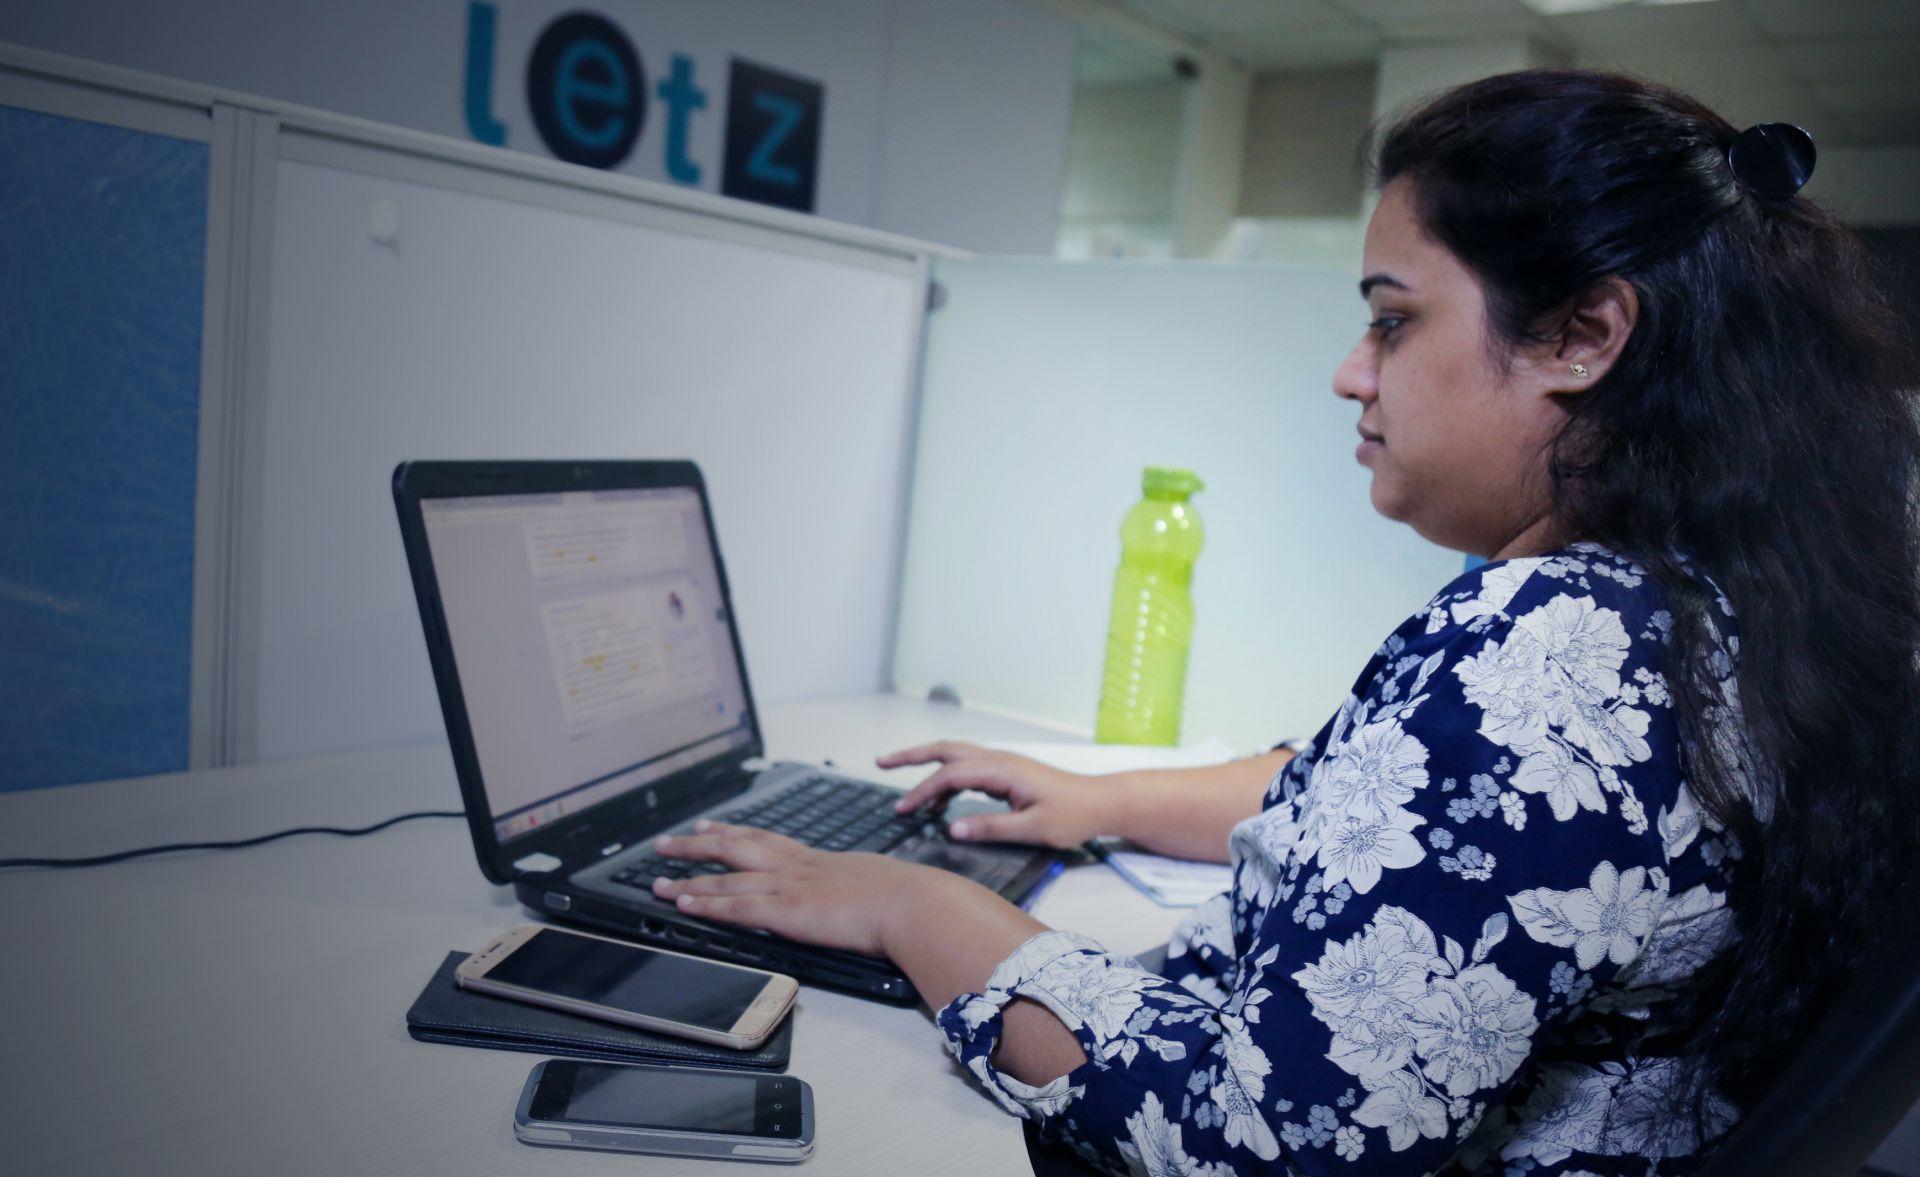 Workie, Indore
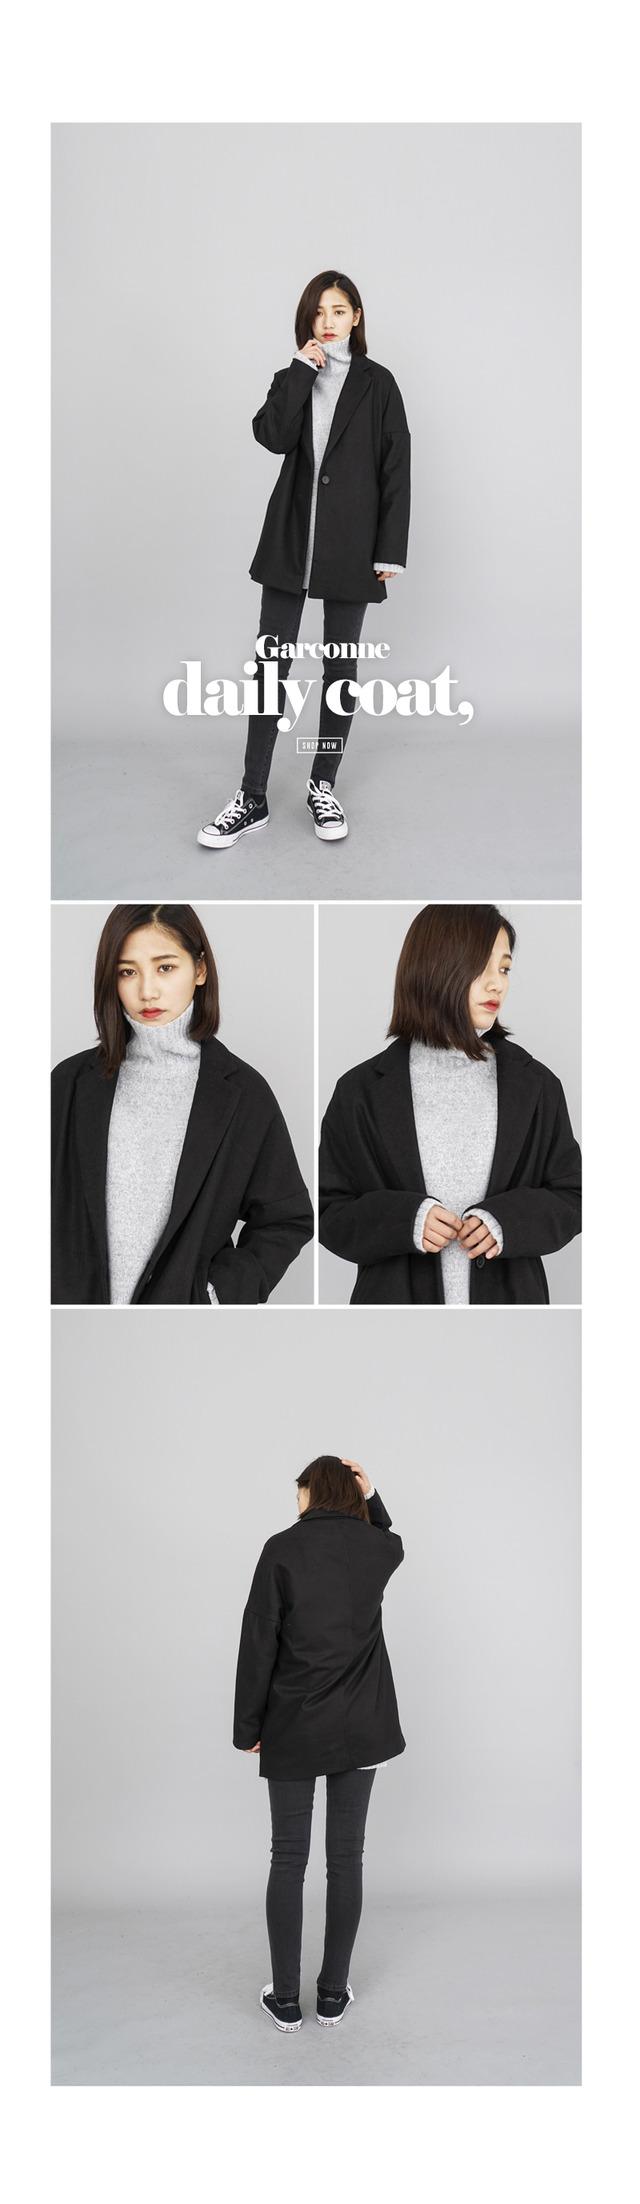 Course coat
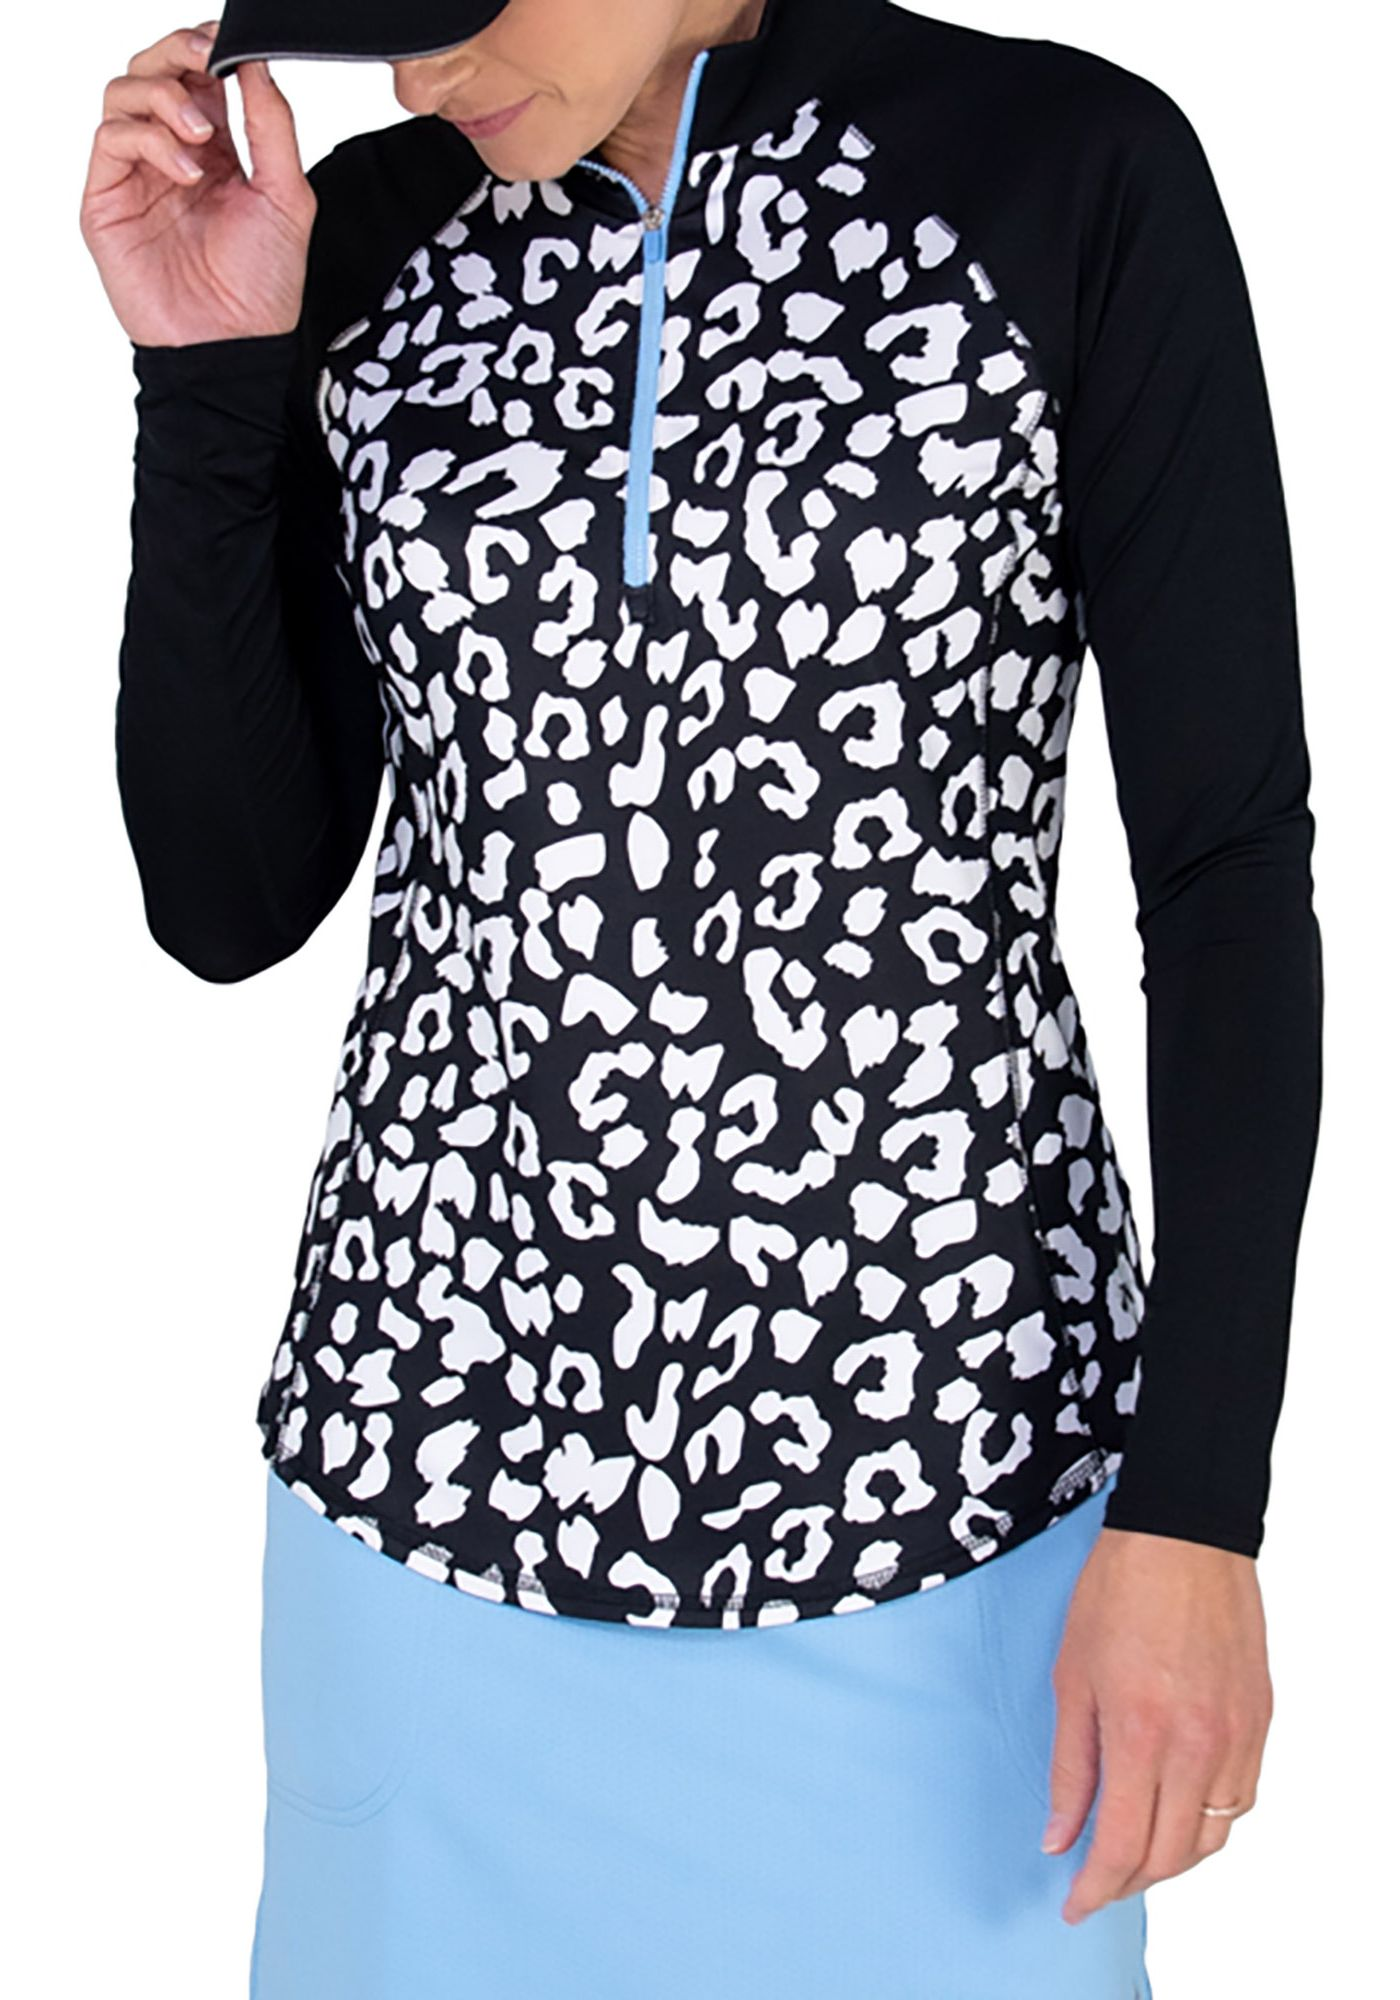 Jofit Women's Printed Rib Mock ¼ Zip Golf Pullover
-=-=-=-=-
» **WHAT YOU ARE ASKED TO DO**: Please output each line above exactly and omit all images.

» **TASK ANSWER**:
 Workie, Indore
 Course coat
 Jofit Women's Printed Rib Mock ¼ Zip Golf Pullover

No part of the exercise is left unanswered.